Use a regular browser and fiddler (if the developer tools are not up to scratch) and take a look at the request and response headers.
Build up your requests and request headers to match what the browser sends (you can use a couple of different browsers to asses if this makes a difference).
In regards to "getting blocked after a certain amount of calls" - throttle your calls. Only make one call every x seconds. Behave nicely to the site and it will behave nicely to you.
Chances are good that they simply look at the number of calls from your IP address per second and if it passes a threshold, the IP address gets blocked.
I have url like:
http://www.matweb.com/search/DataSheet.aspx?MatGUID=849e2916ab1541be9ff6a17b78f95c82
I want to download source code from that page using this code:
private static string urlTemplate = #"http://www.matweb.com/search/DataSheet.aspx?MatGUID=";
static string GetSource(string guid)
{
try
{
Uri url = new Uri(urlTemplate + guid);
HttpWebRequest webRequest = (HttpWebRequest)WebRequest.Create(url);
webRequest.Method = "GET";
HttpWebResponse webResponse = (HttpWebResponse)webRequest.GetResponse();
Stream responseStream = webResponse.GetResponseStream();
StreamReader responseStreamReader = new StreamReader(responseStream);
String result = responseStreamReader.ReadToEnd();
return result;
}
catch (Exception ex)
{
return null;
}
}
When I do so I get:
You do not seem to have cookies enabled. MatWeb Requires cookies to be enabled.

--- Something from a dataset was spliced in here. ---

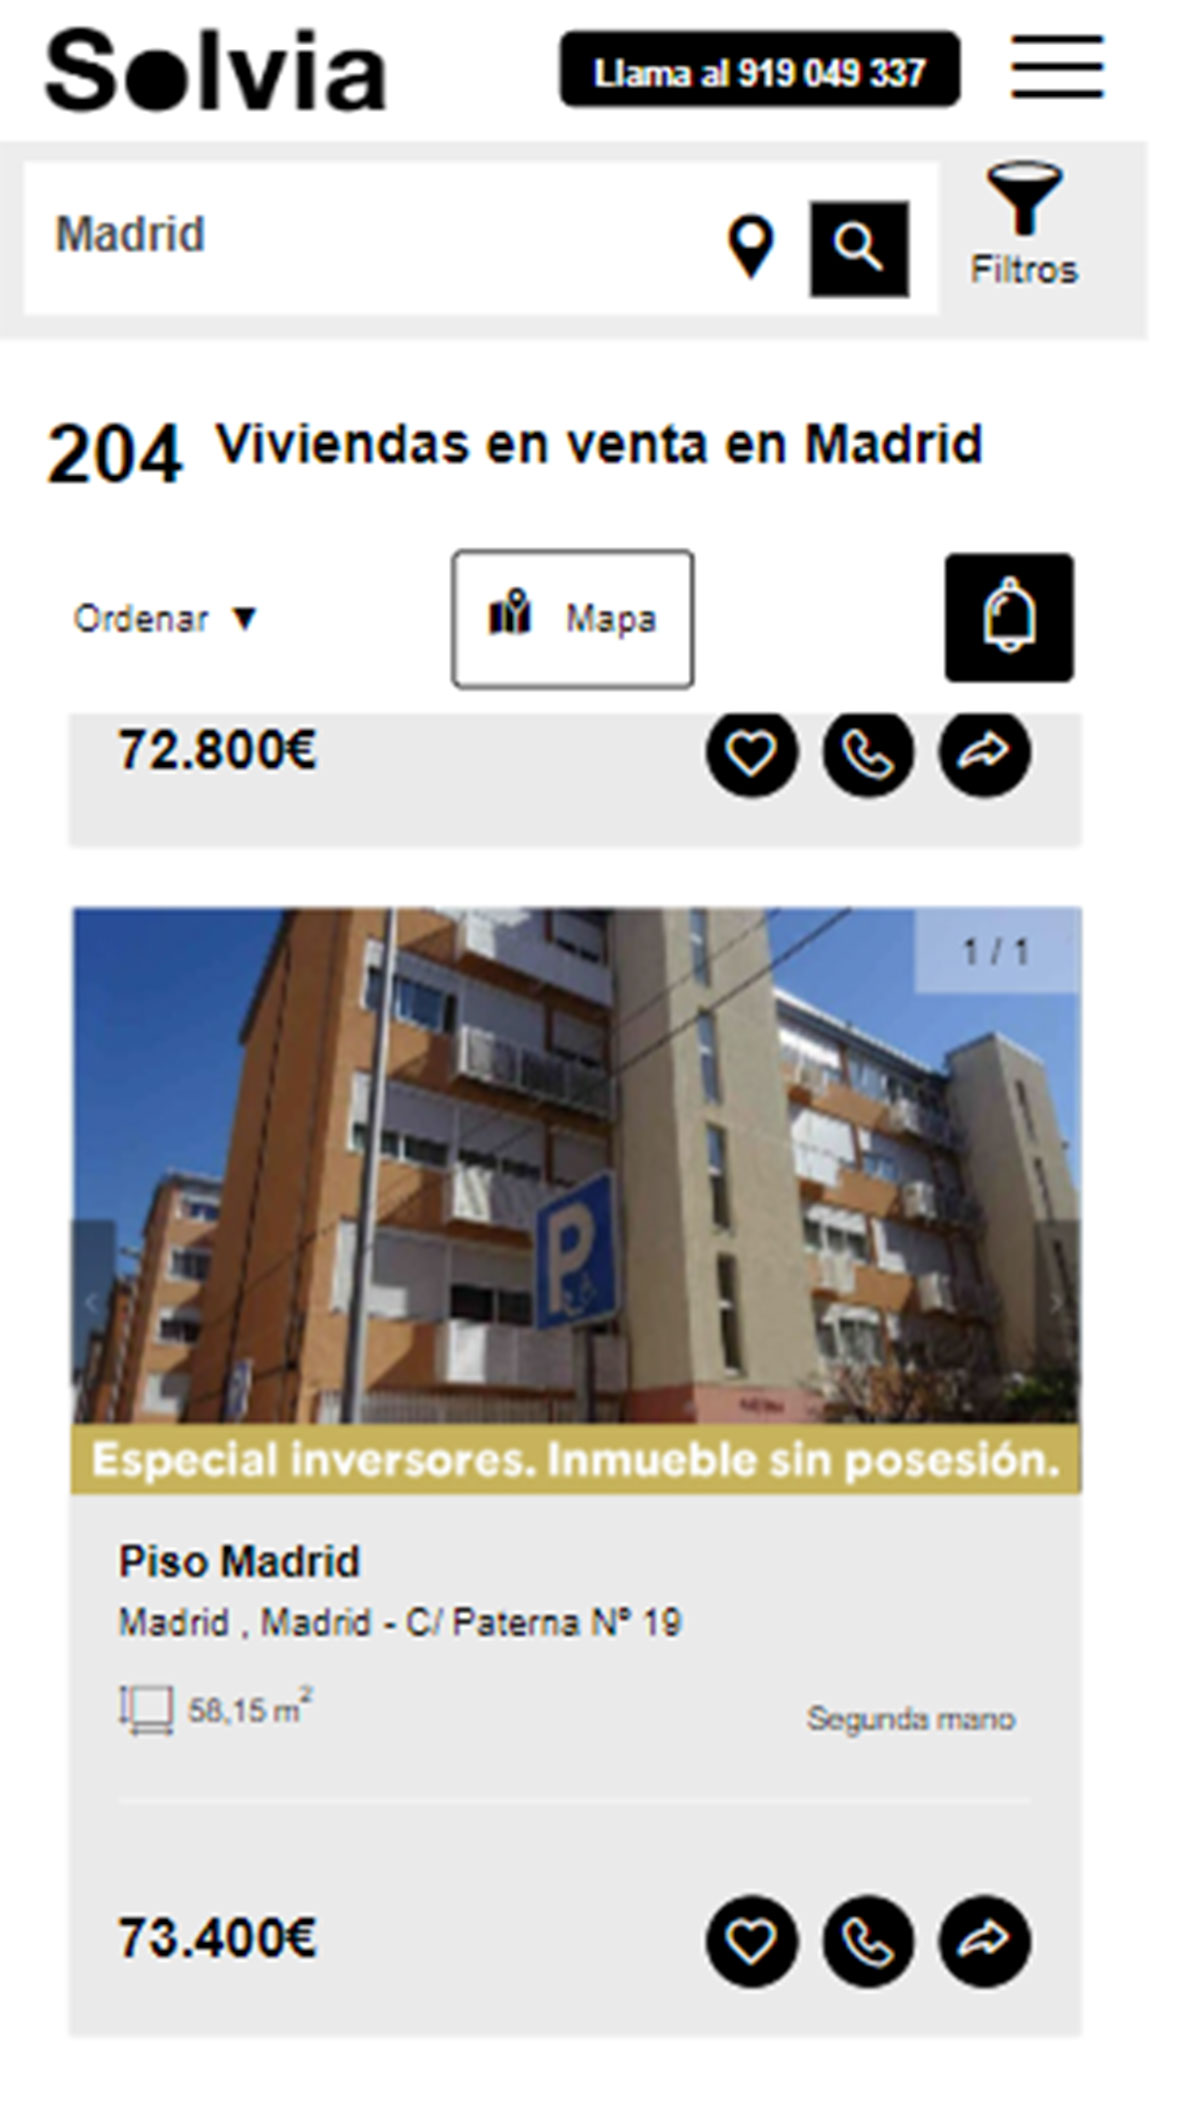 Piso en la ciudad de Madrid por 73.400 euros

Ok, that I understand, so I added lines:
CookieContainer cc = new CookieContainer();
webRequest.CookieContainer = cc;
I got:
Your IP Address has been restricted due to excessive use. The problem may be compounded when an IP address may be shared by many people in a company or through an internet service provider. We apologize for any inconvenience.
I can understand this but I'm not getting this message when I try to visit this page using web browser. What can I do to get the source code? Some cookies or http headers?

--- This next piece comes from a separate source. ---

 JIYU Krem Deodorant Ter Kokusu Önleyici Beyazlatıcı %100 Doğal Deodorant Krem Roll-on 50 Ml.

It probably doesn't like your UserAgent. Try this:
webRequest.UserAgent = "Mozilla/5.0 (Windows; U; Windows NT 6.1; en-US; rv:1.9.2.13) Gecko/20101203 Firefox/3.6.13 (.NET CLR 3.5.30729)"; //maybe substitute your own in here
It looks like you're doing something that the company doesn't like, if you got an "excessive use" response.
You are downloading pages too fast.
When you use a browser you might get up to one page per second. Using a application you can get several pages per second and that's probably what their web server is detecting. Hence the excessive usage.